En mars-avril, vous vous produisez dans un réseau de Zéniths et d’Arenas, alors que ces derniers temps on avait plutôt vu le Ballet Béjart dans des salles de 1 000 à 2 000 places. Pourquoi ce changement de dimension?

On ne fait que répondre à une demande de la production. Du temps de Maurice [décédé en 2007, NDLR], on avait déjà fait une tournée des Zéniths. Ce qui est nouveau, c’est la durée de cette tournée. Ces derniers temps, on partait plutôt pour quatre ou cinq représentations. Et la principale difficulté, c’est la logistique. Dans ces grandes salles, pensées pour des concerts, il faut installer un plancher, des coulisses…

Mais on retrouve un esprit de troupe, un côté saltimbanque. Moi, ces grandes tournées m’ont beaucoup appris quand j’étais gamin : à danser plus grand, parce que les scènes sont surdimensionnées, à serrer les dents parfois, mais aussi à profiter du fait de voir à chaque fois des publics différents.

Pourquoi proposer un pot-pourri de 13 ballets différents en première partie?

Je me suis inspiré de ce que Maurice avait fait dans des soirées qu’il avait appelées «L’Art du pas de deux» ou «L’Amour-la Danse». Il prenait des extraits de ses ballets dont il tirait l’essence. On fait voyager le public à travers son univers chorégraphique et musical. D’une pièce à l’autre les écritures peuvent être différentes mais il y a toujours une liaison naturelle entre elles.

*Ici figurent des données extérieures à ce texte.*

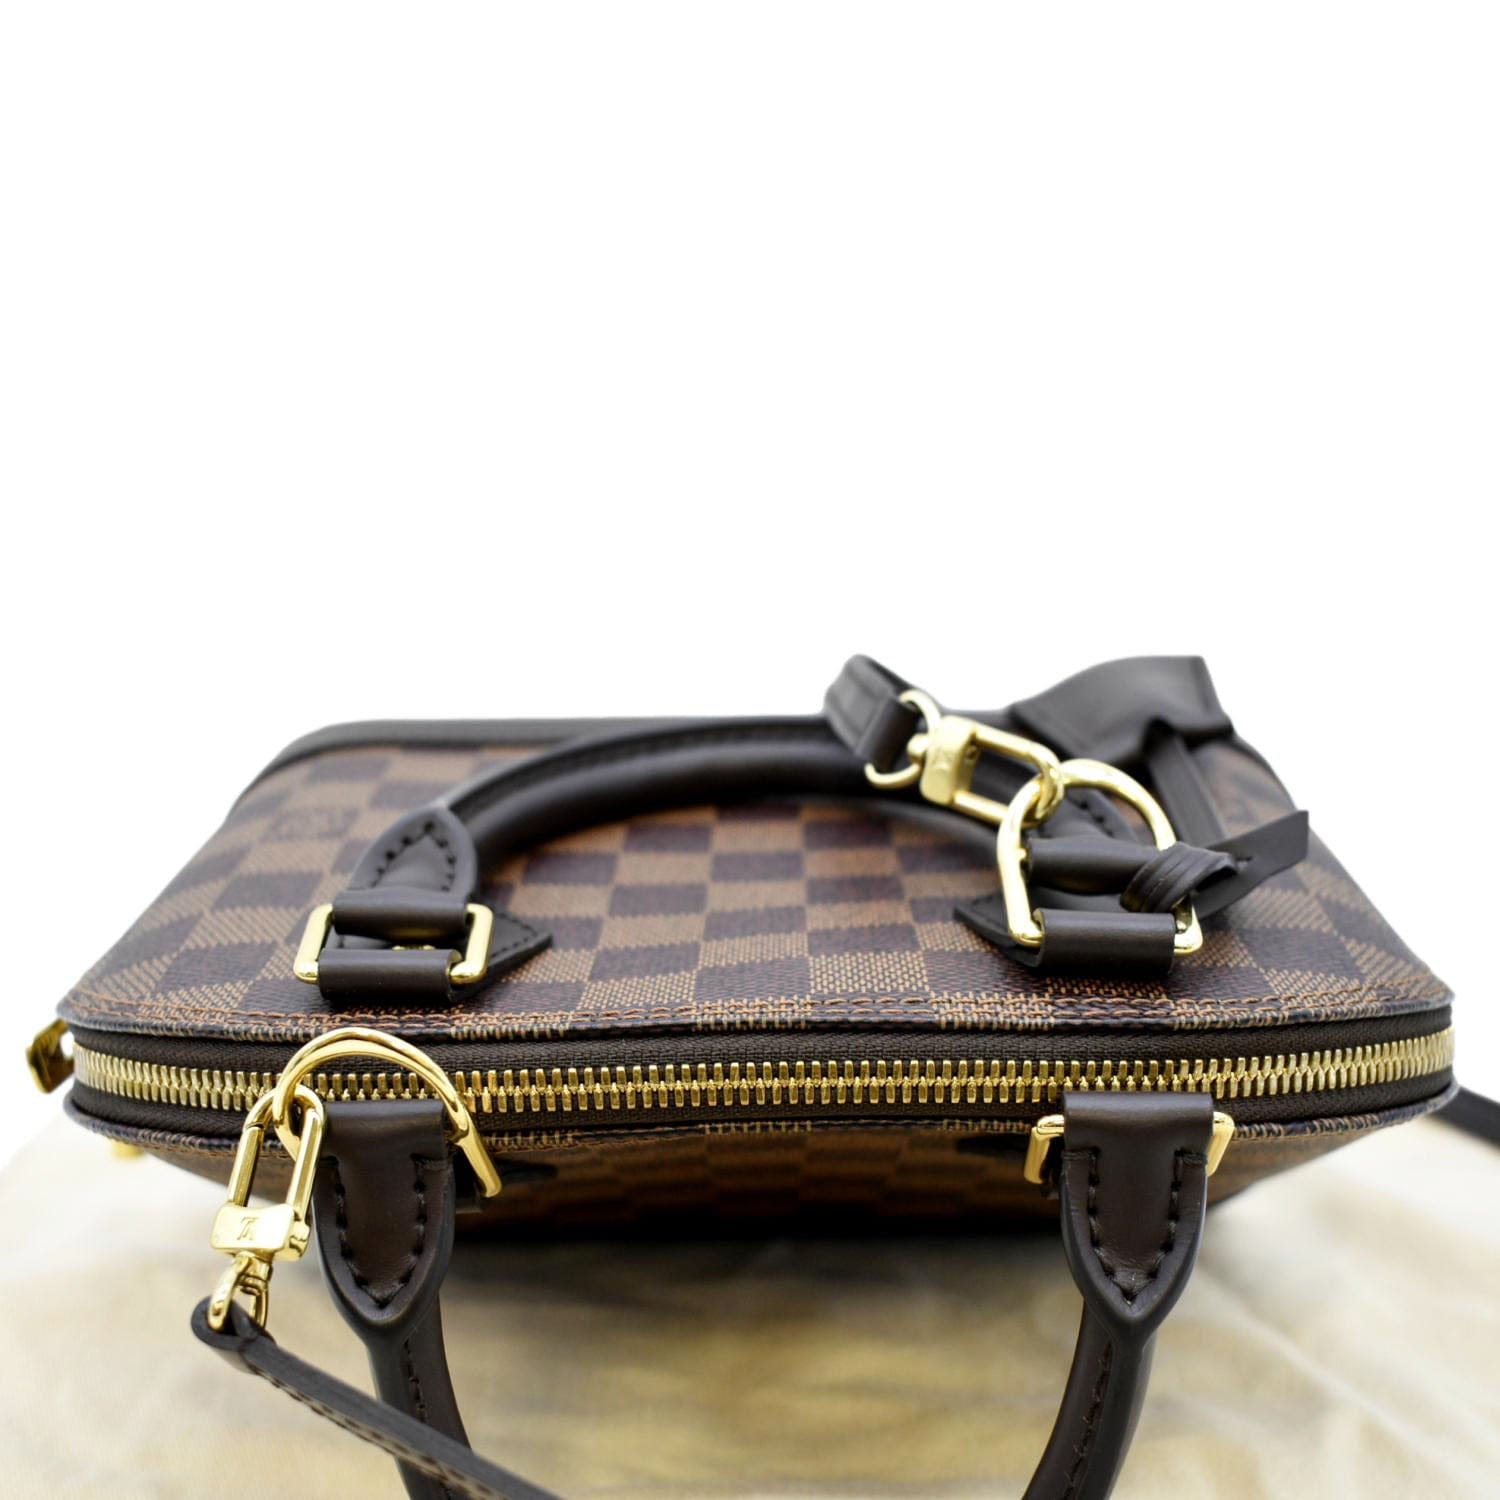 Louis Vuitton ALMA BB Attention to DETAILS Authentic Damier Ebene Cross and  Body Bag PearlYao

«Tous les ballets de Maurice Béjart laissent une grande part de liberté à l’interprète»

Vous finissez sur «Boléro», qui a marqué les esprits dans les interprétations de Jorge Donn, Maya Plissetskaïa ou Sylvie Guillem. Comment prépare-t-on les danseurs à passer derrière des interprètes aussi légendaires?

Il ne faut pas chercher à prouver quelque chose. Il faut se dire que «Boléro» est une étape. On doit utiliser ce qu’on a vécu en le dansant – la gestion de l’effort, de l’énergie, de la durée – pour d’autres ballets. Cela étant, les trois filles qui le dansent sur cette tournée le font depuis un certain temps. Elles savent comment créer ce crescendo tout en respectant la partition musicale et la partition chorégraphique.

Qu’est-ce qui caractérise le style Béjart?

La recherche d’un mouvement vrai. Pas un mouvement qui fait joli, mais qui fait exister l’émotion à travers le corps. Tous les ballets de Maurice laissent une grande part de liberté à l’interprète.